Karsten Grove is a Danish-American mathematician working in metric and differential geometry, differential topology and global analysis, mainly in topics related to global Riemannian geometry, Alexandrov geometry, isometric group actions and manifolds with positive or nonnegative sectional curvature.

== Biography ==
Grove studied mathematics at Aarhus University, where he obtained a Cand. Scient. (equivalent to a M.A.) in 1971 and Lic. Scient. (equivalent to a Ph.D.) in 1974. Between 1971 and 1972 he also acted as an instructor at Aarhus University. From 1972 to 1974 he had a postdoctoral position at the University of Bonn under the supervision of Wilhelm Klingenberg, despite not having yet formally concluded his doctoral degree.

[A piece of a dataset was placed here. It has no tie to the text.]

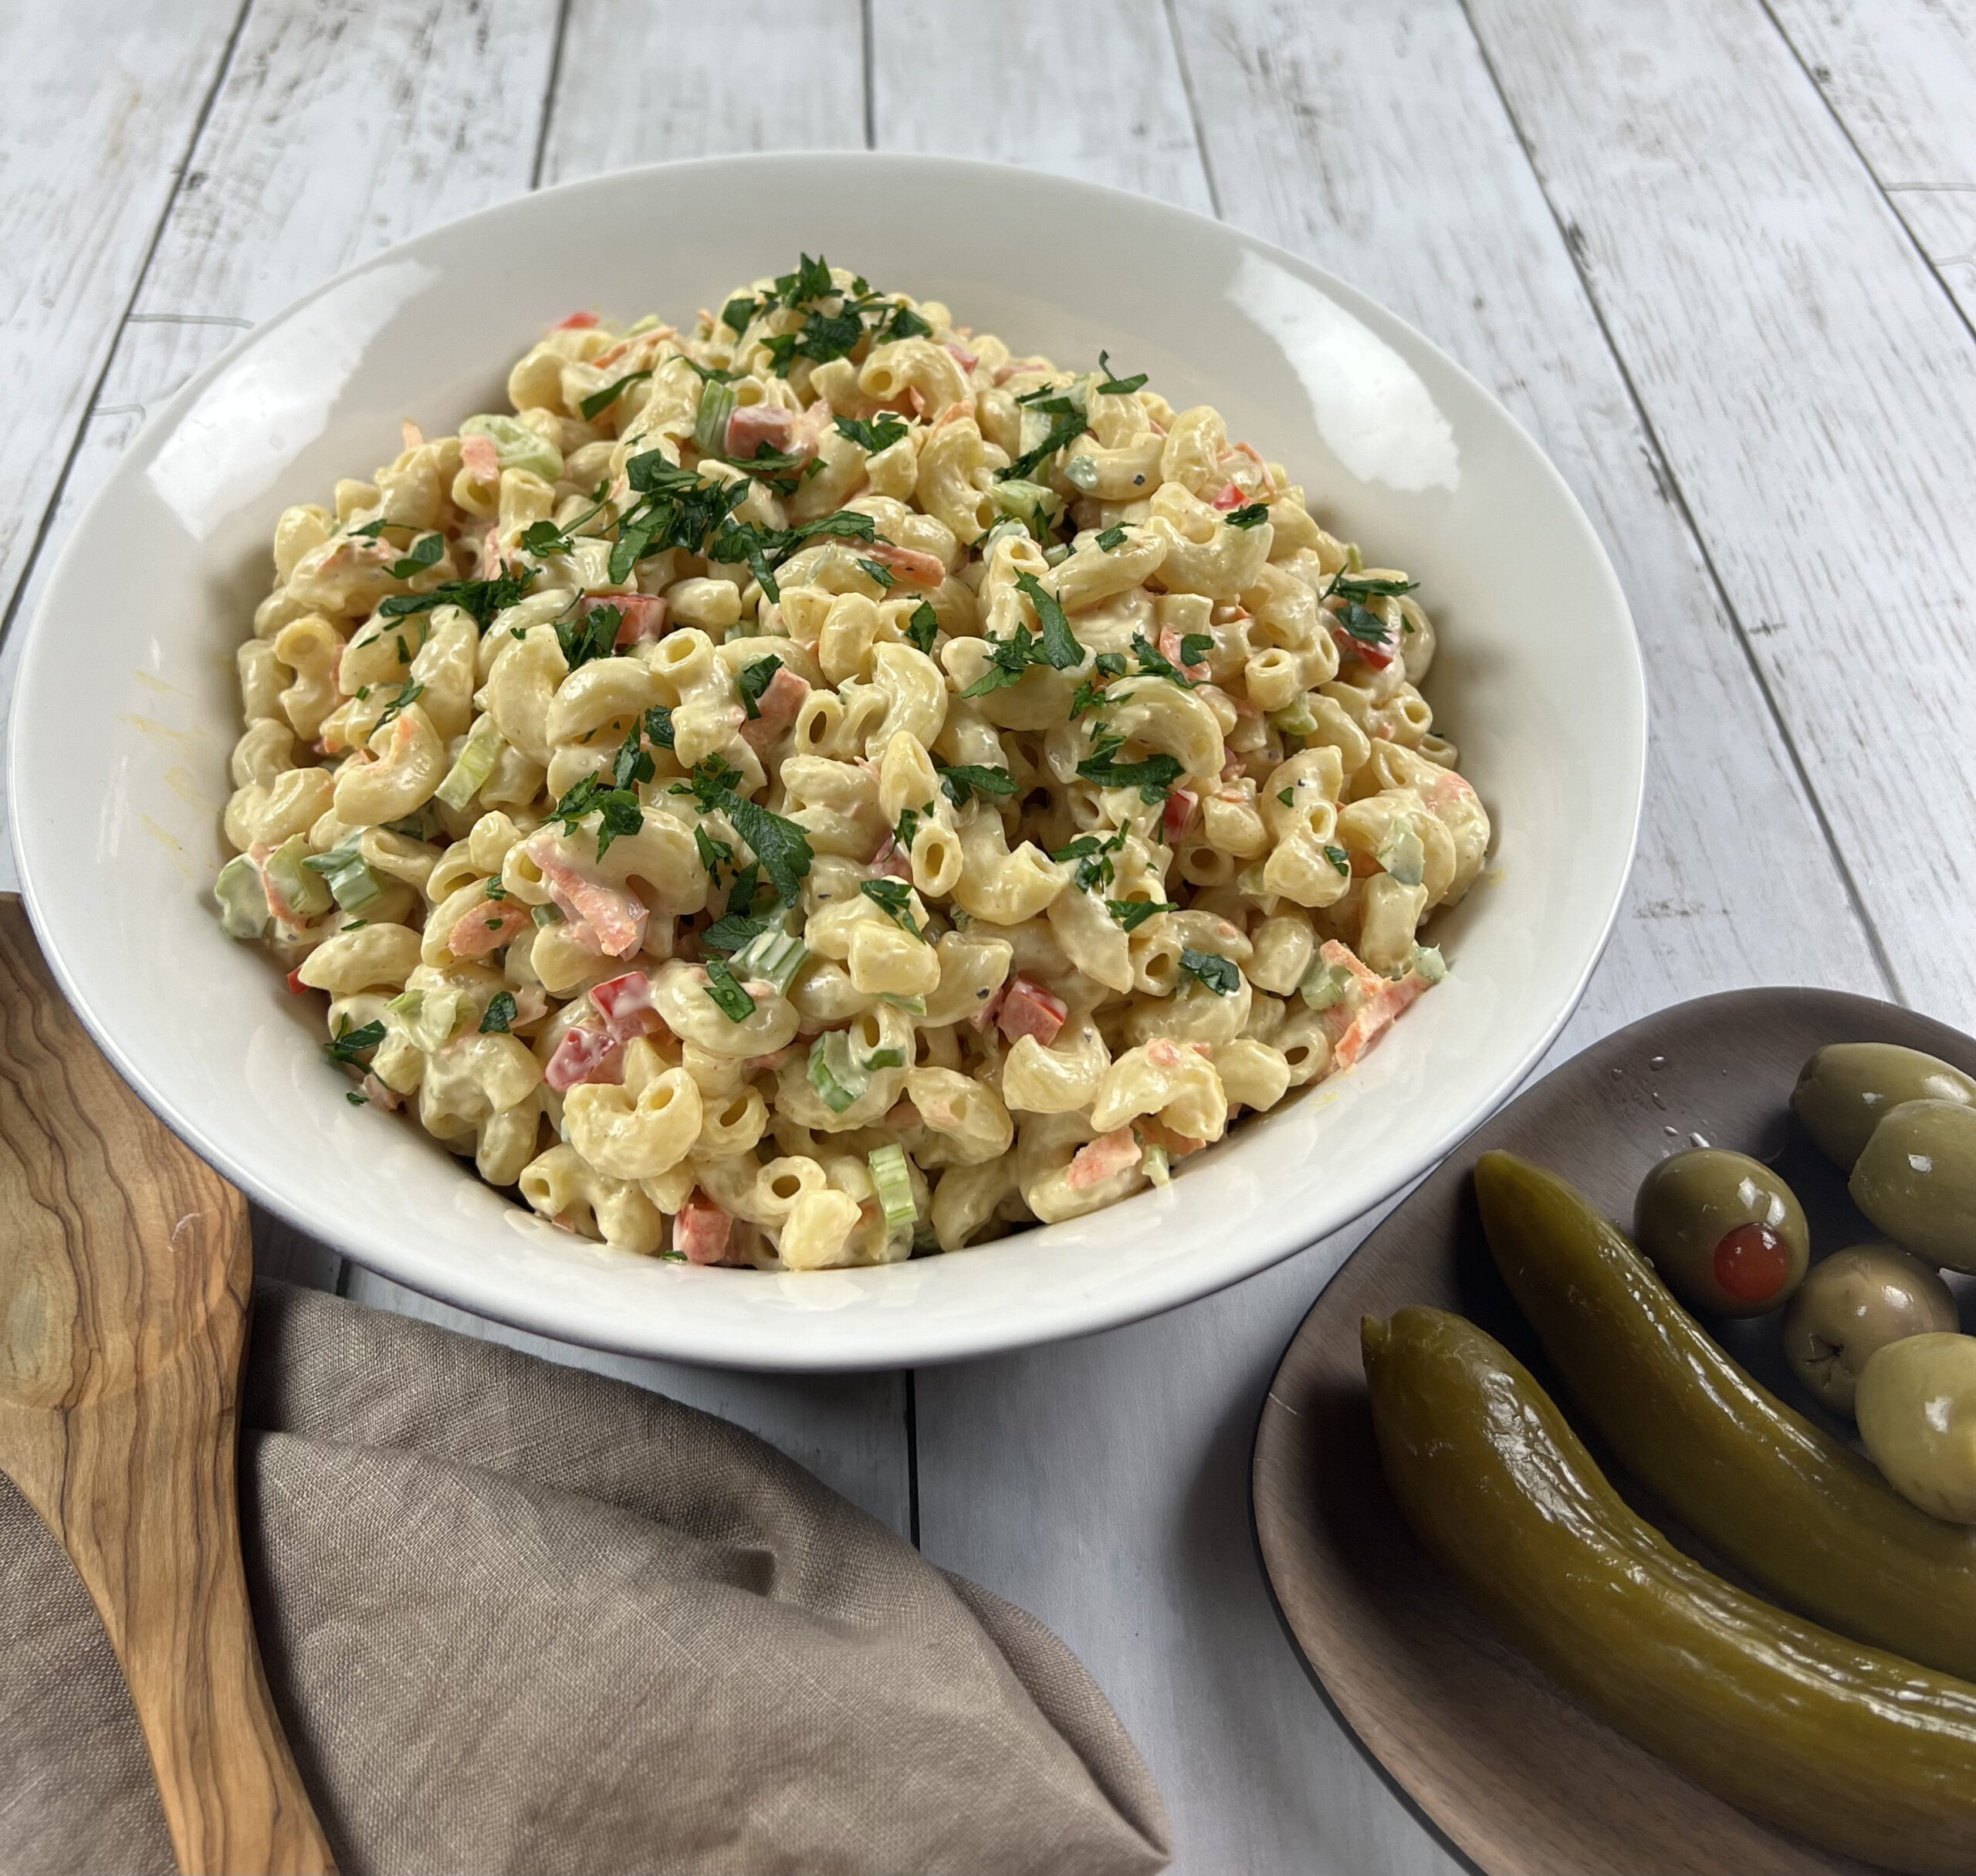 Final bowl of vibrant, creamy Deli-style Macaroni Salad, garnished with fresh herbs.

In 1974, Grove became an assistant professor at the University of Copenhagen and was promoted to associate professor in 1976, a position he held until 1987. He became a professor at the University of Maryland in 1984, retiring from this position in 2009. Since 2007 he has held the endowed chair of "Rev. Howard J. Kenna, C.S.C. Professor" at the University of Notre Dame. Throughout his career, Grove has had 20 doctoral students, and 51 academic descendants. Grove was an invited speaker at the International Congress of Mathematicians in 1990 in Kyoto (Metric and Topological Measurements on manifolds). He is a fellow of the American Mathematical Society.

== Mathematical work ==
One of Grove's most recognized mathematical contributions to Riemannian Geometry is the Diameter Sphere Theorem, proved jointly with Katsuhiro Shiohama in 1977, which states that a smooth closed Riemannian manifold $(M,g)$ with $\sec \ge 1$ and $\operatorname{diam} > \pi/2$ is homeomorphic to a sphere. Subsequently, the critical point theory for distance functions developed as part of the proof of this result led to several important advances in the area. Another result obtained by Grove, in collaboration with Peter Petersen, is the finiteness of homotopy types of manifolds of a fixed dimension with lower sectional curvature bounds, upper diameter bound, and lower volume bound.